__TASK OBJECTIVE__
The reply is a verbatim copy of the listing below with its images dropped.

__DATASET EXTRACT__
++++++++

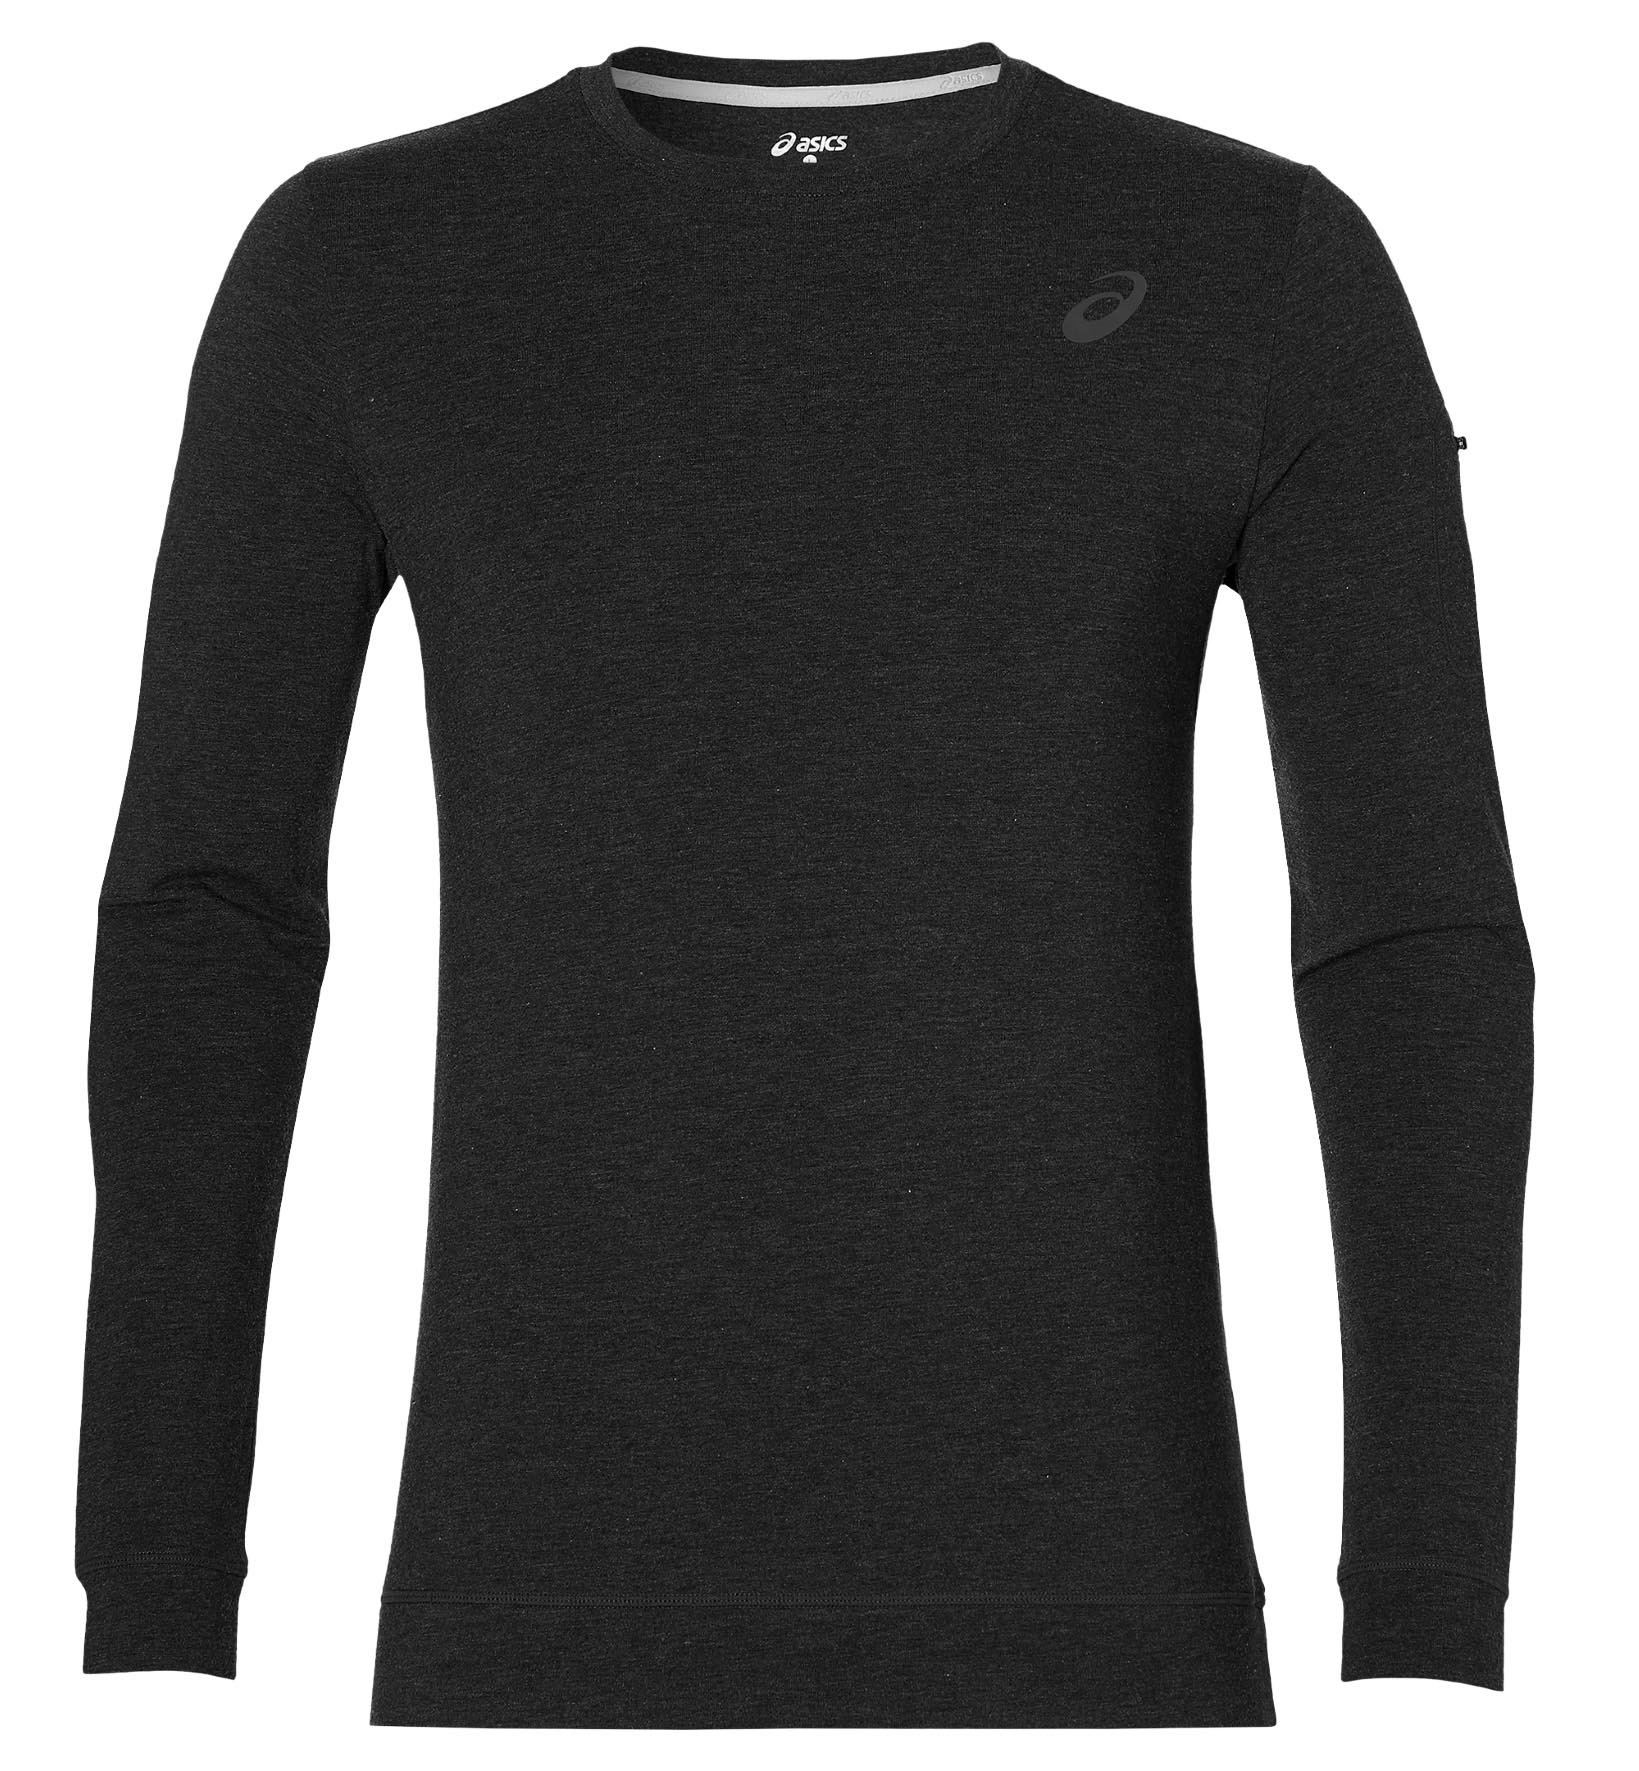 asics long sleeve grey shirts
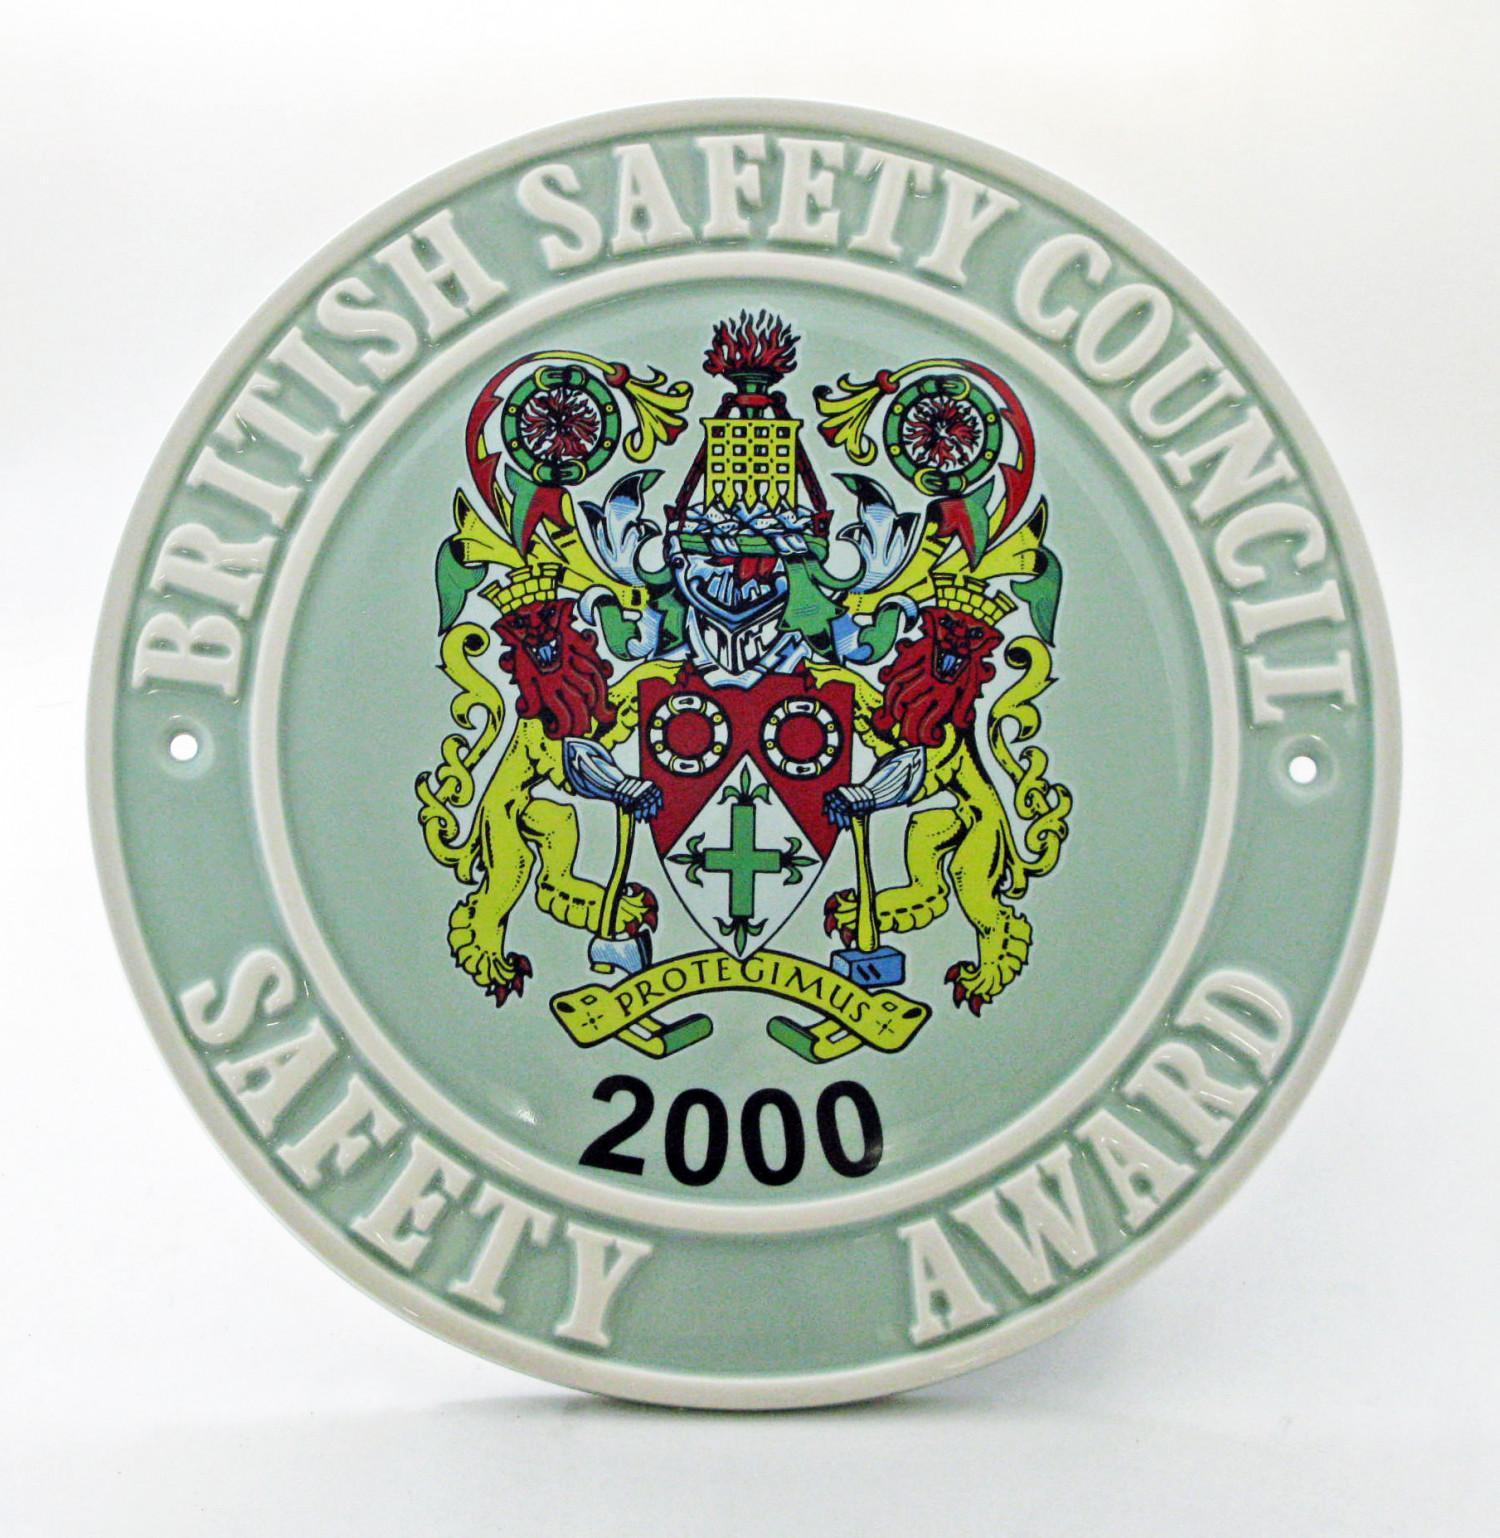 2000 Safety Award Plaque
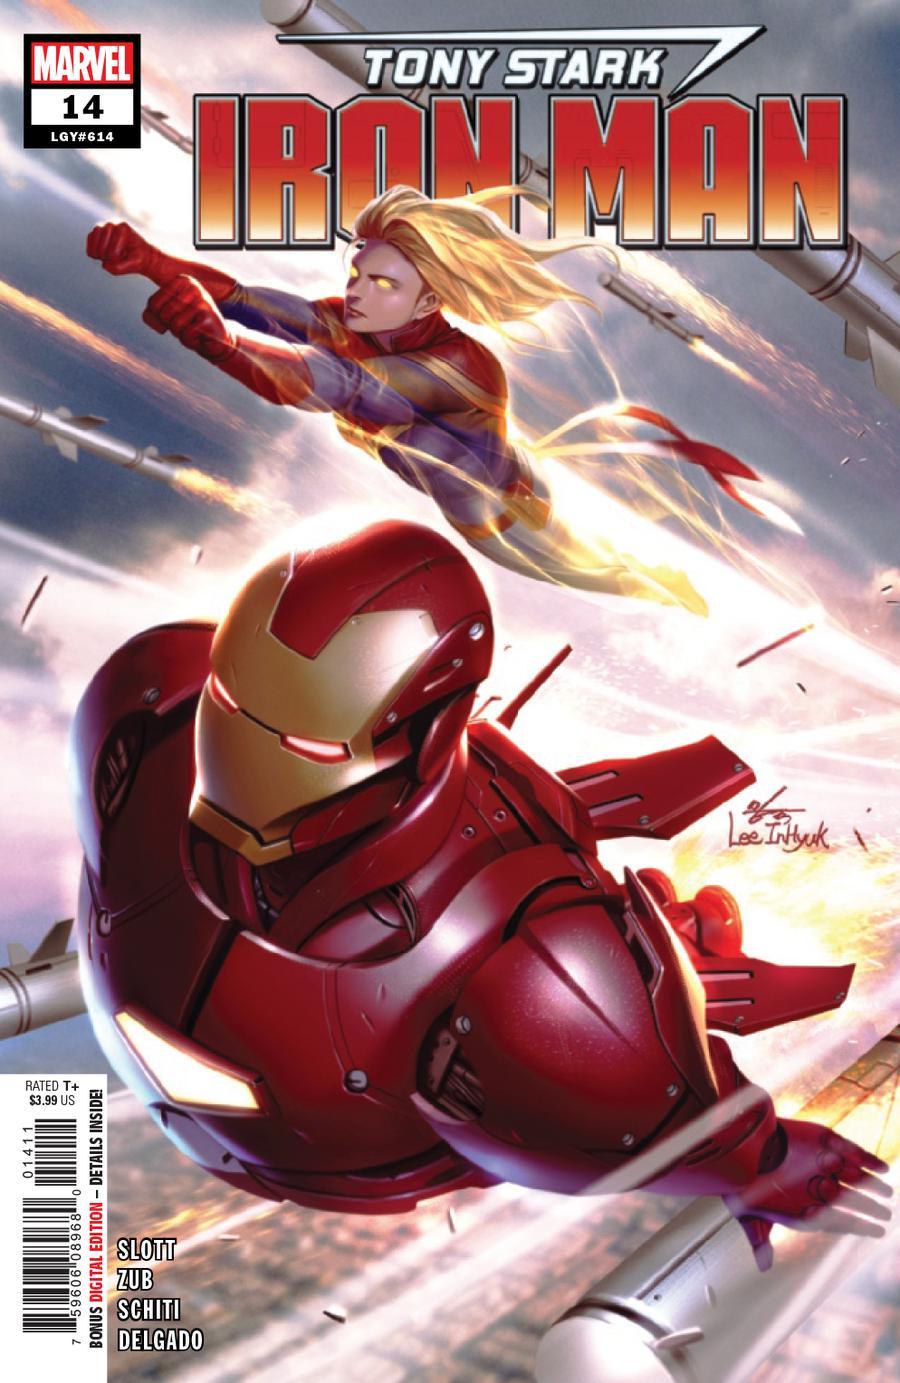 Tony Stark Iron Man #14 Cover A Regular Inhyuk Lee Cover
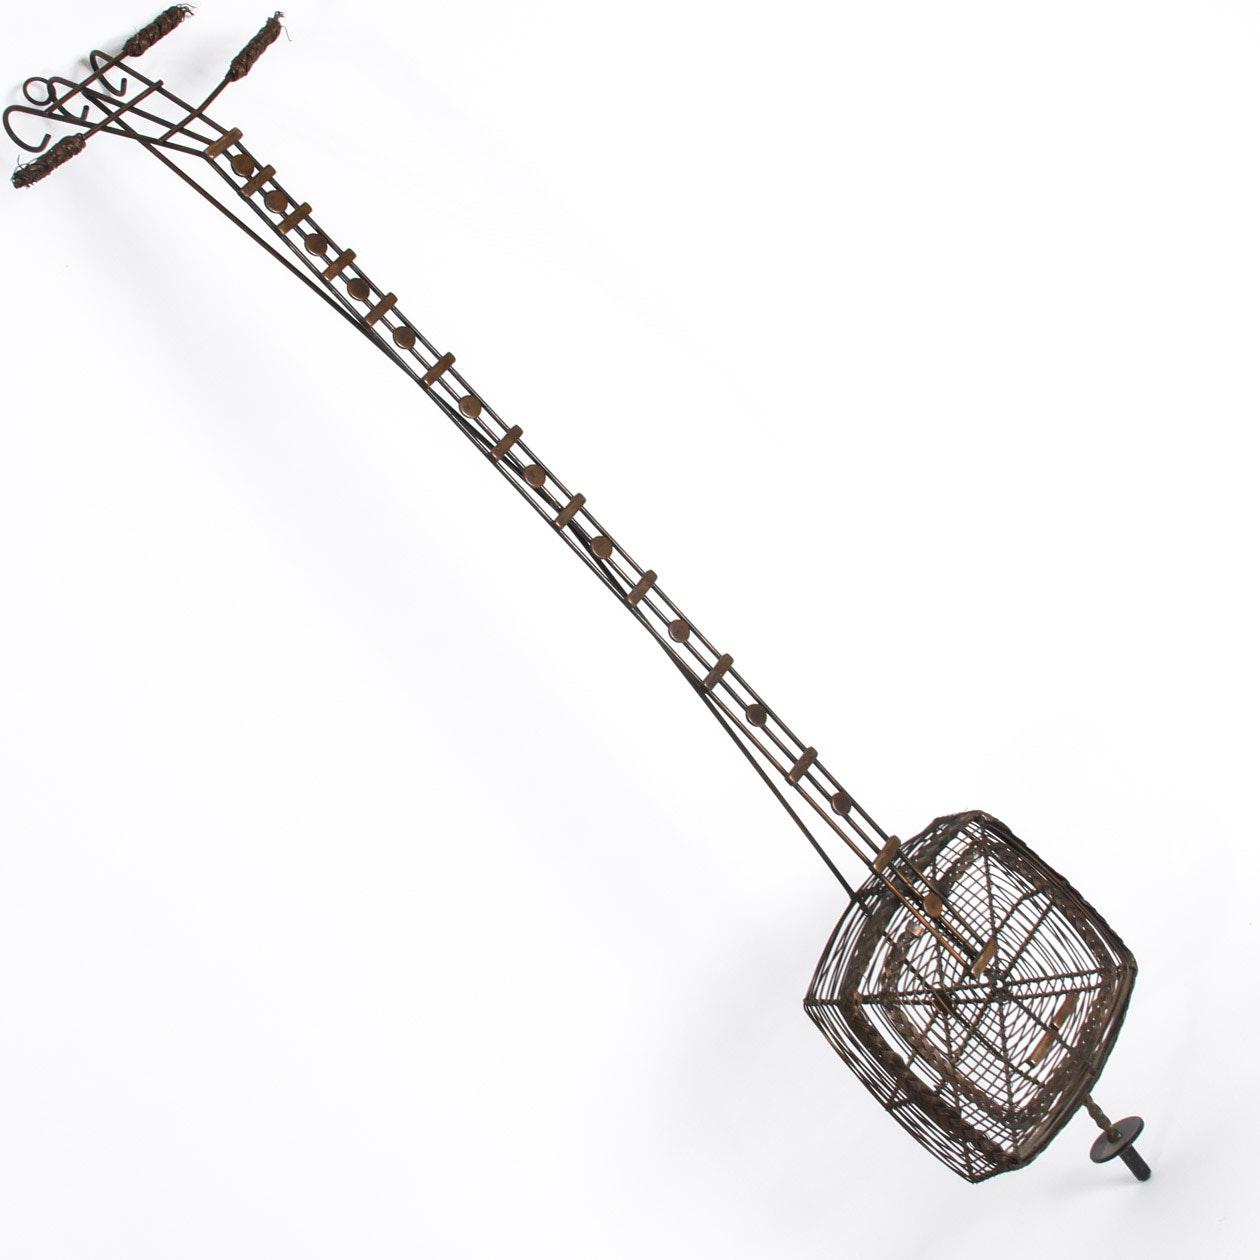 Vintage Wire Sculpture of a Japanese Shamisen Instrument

++++++++

__RESULT BELOW__
 asics long sleeve grey shirts
 2000 Safety Award Plaque
 Tony Stark Iron Man #14 Cover A Regular Inhyuk Lee Cover
 Vintage Wire Sculpture of a Japanese Shamisen Instrument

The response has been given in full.